■ Exercise directions
Would you please return the data below verbatim, without its pictures?

START Supplied data

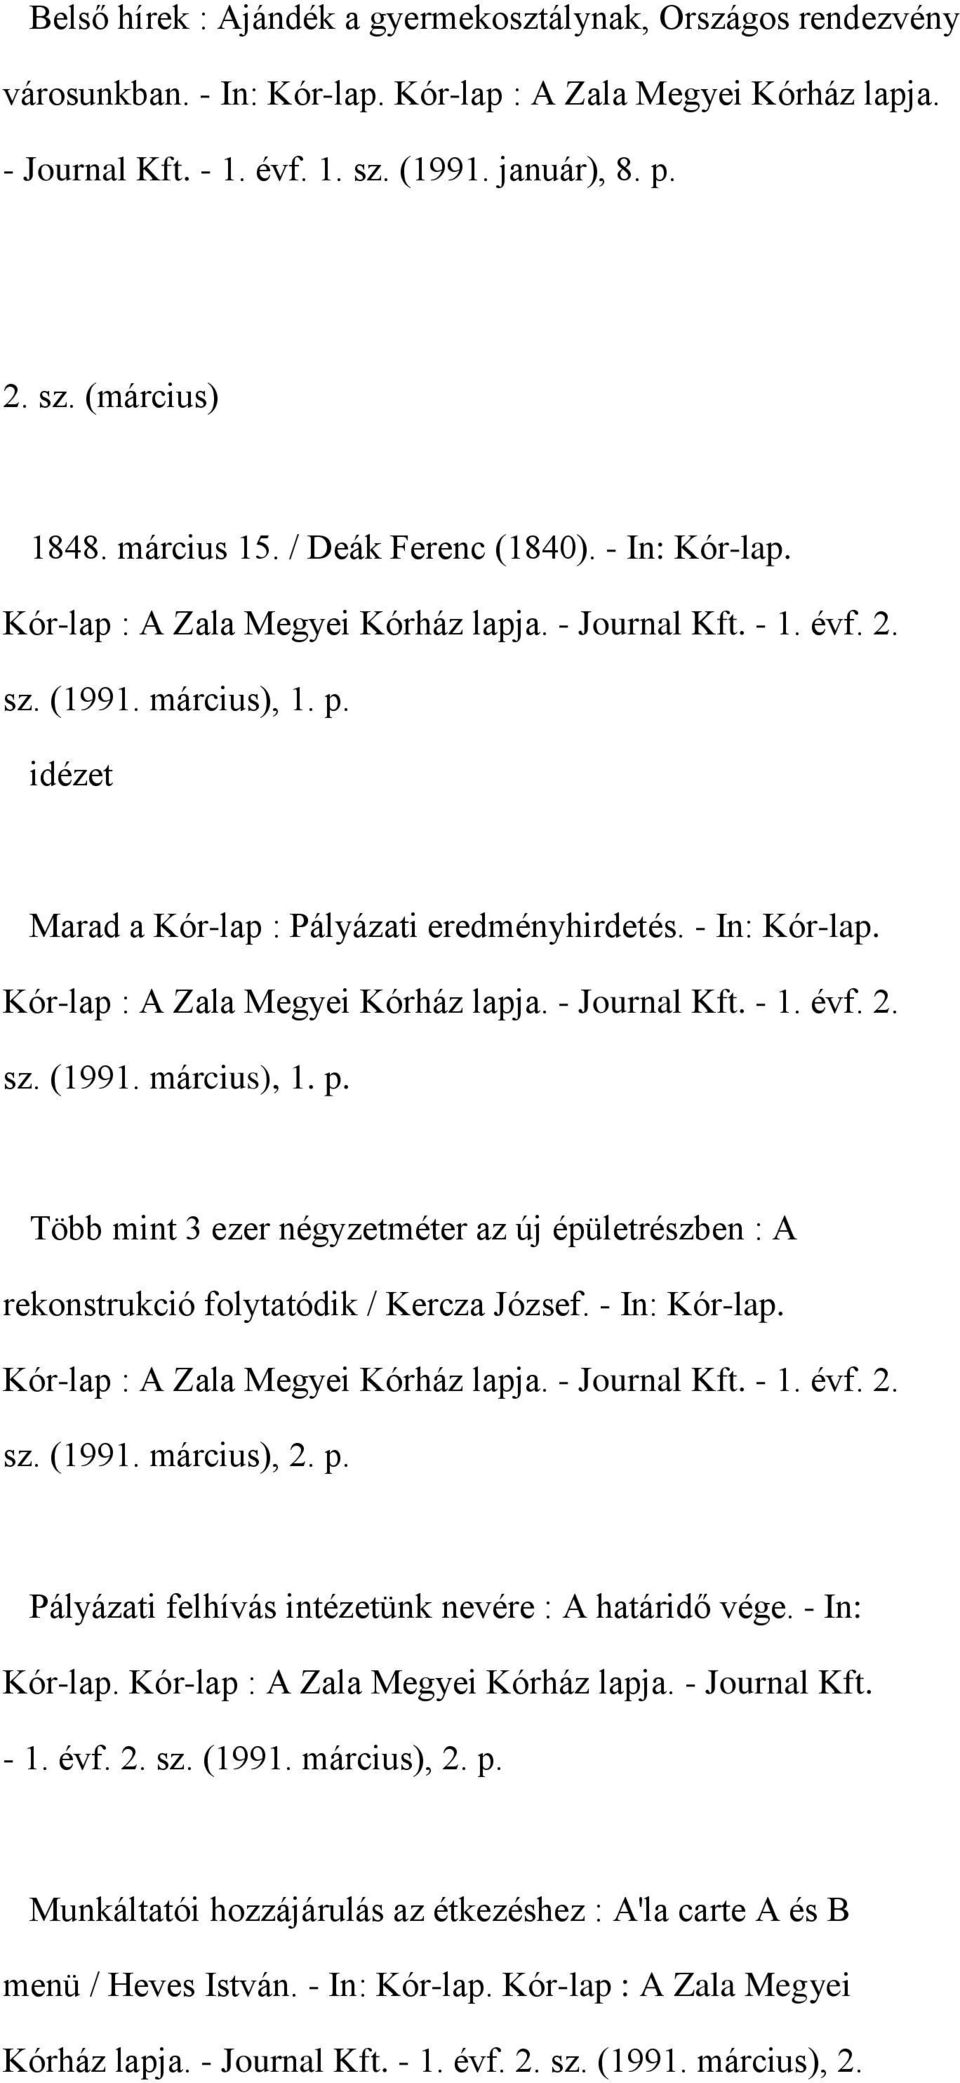 - In: Kór-lap. Kór-lap : A Zala Megyei Kórház lapja. - Journal Kft. - 1. évf. 2. sz. (1991. március), 1. p.
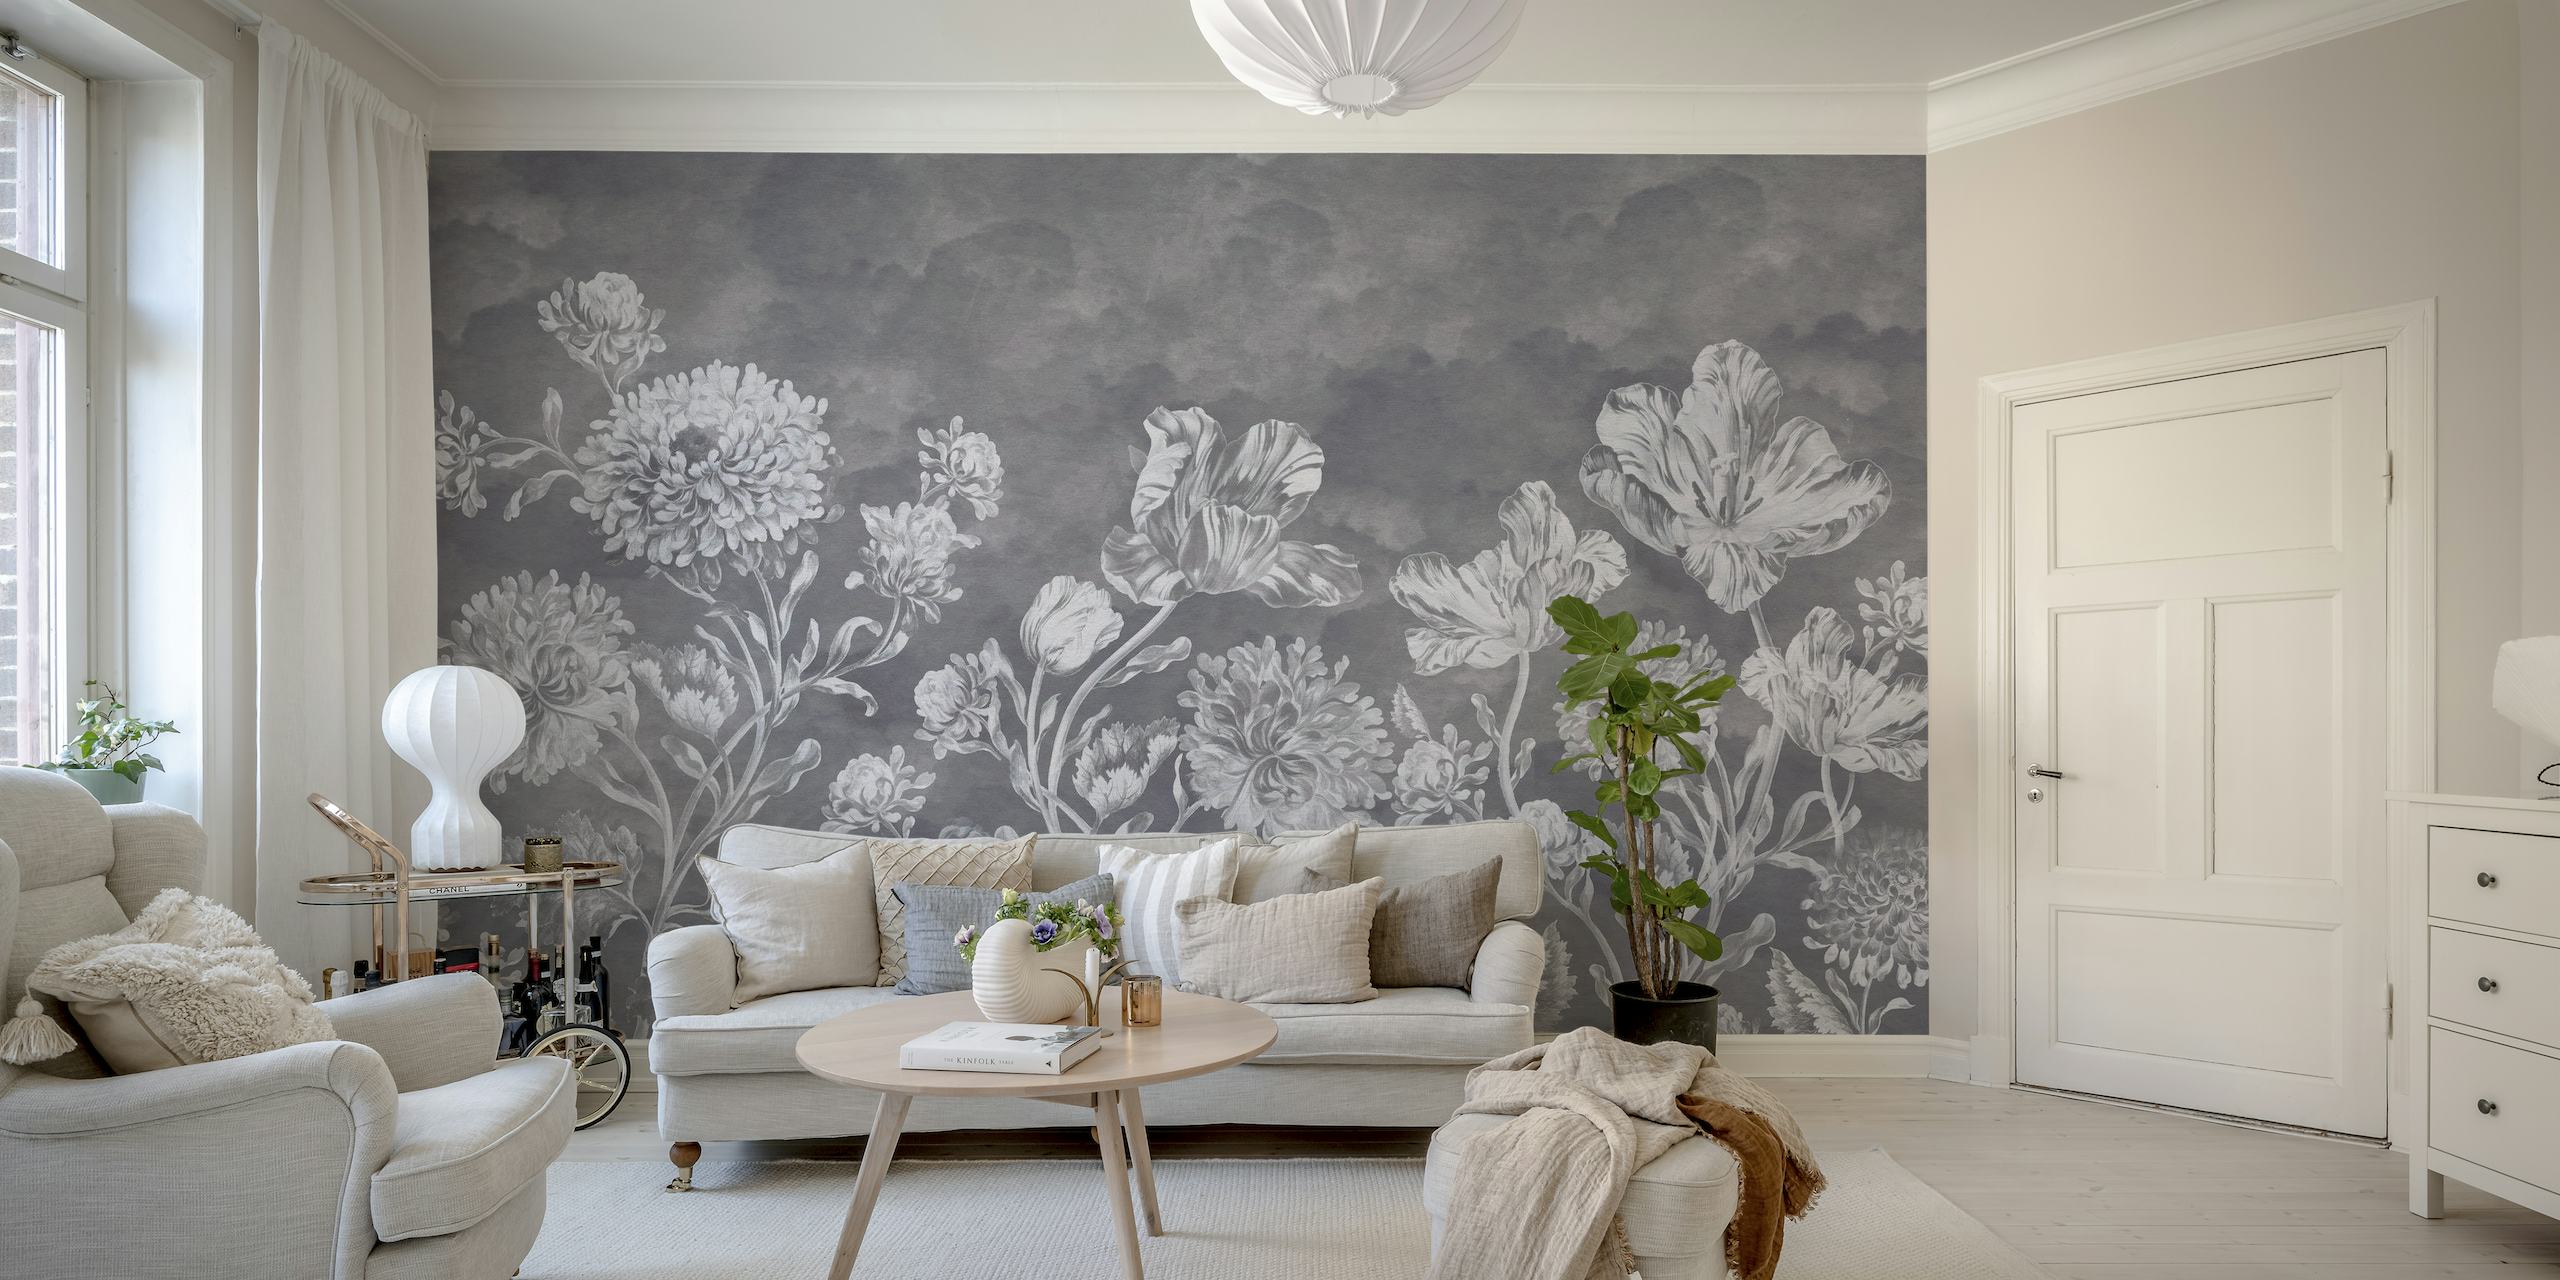 Stimmungsvolles, dunkles Blumen-Wandbild im Barockstil mit aufwendigen Blumenmustern in Graustufen
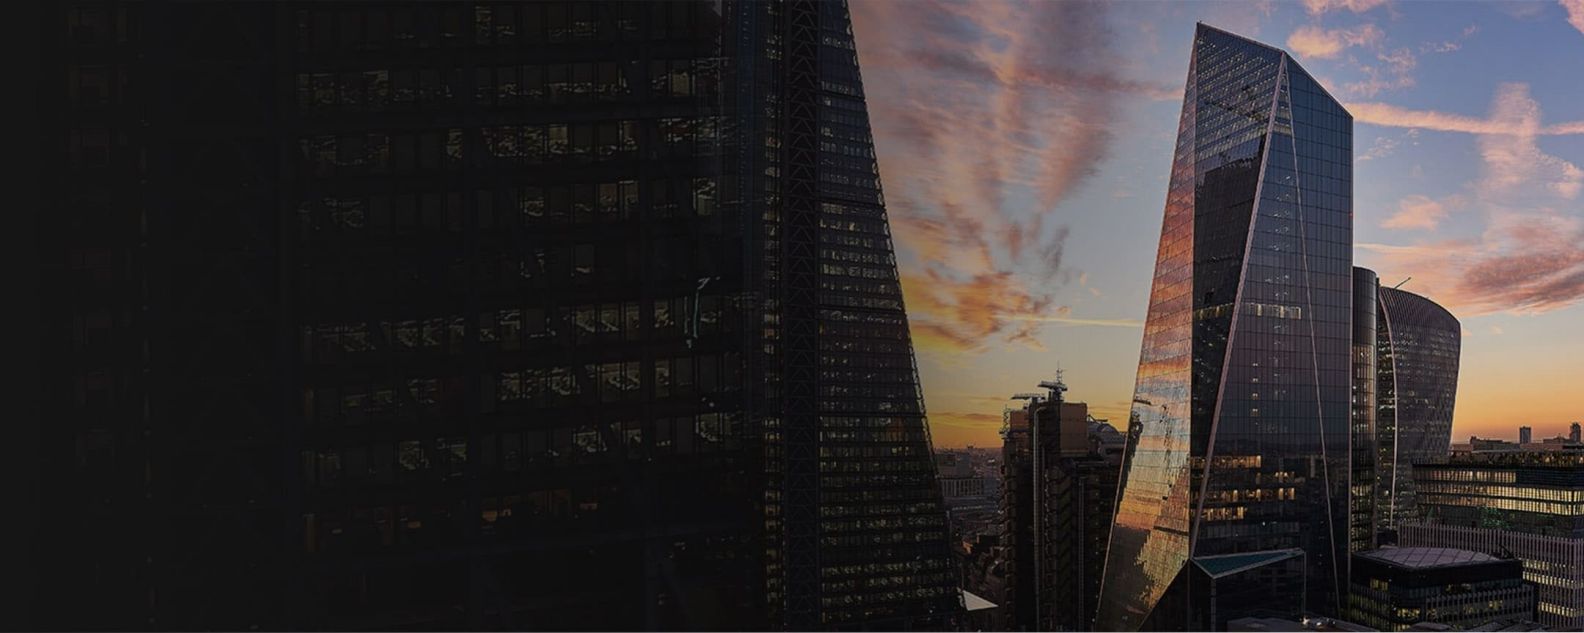 The Shardをはじめとするロンドンの高層ビルの夜景のローアングルからの眺め

END Supplied data

■ Answer section
 - In: Kór-lap. Kór-lap : A Zala Megyei Kórház lapja. - Journal Kft. - 1. évf. 2. sz. (1991. március), 1. p.
 Stimmungsvolles, dunkles Blumen-Wandbild im Barockstil mit aufwendigen Blumenmustern in Graustufen
 The Shardをはじめとするロンドンの高層ビルの夜景のローアングルからの眺め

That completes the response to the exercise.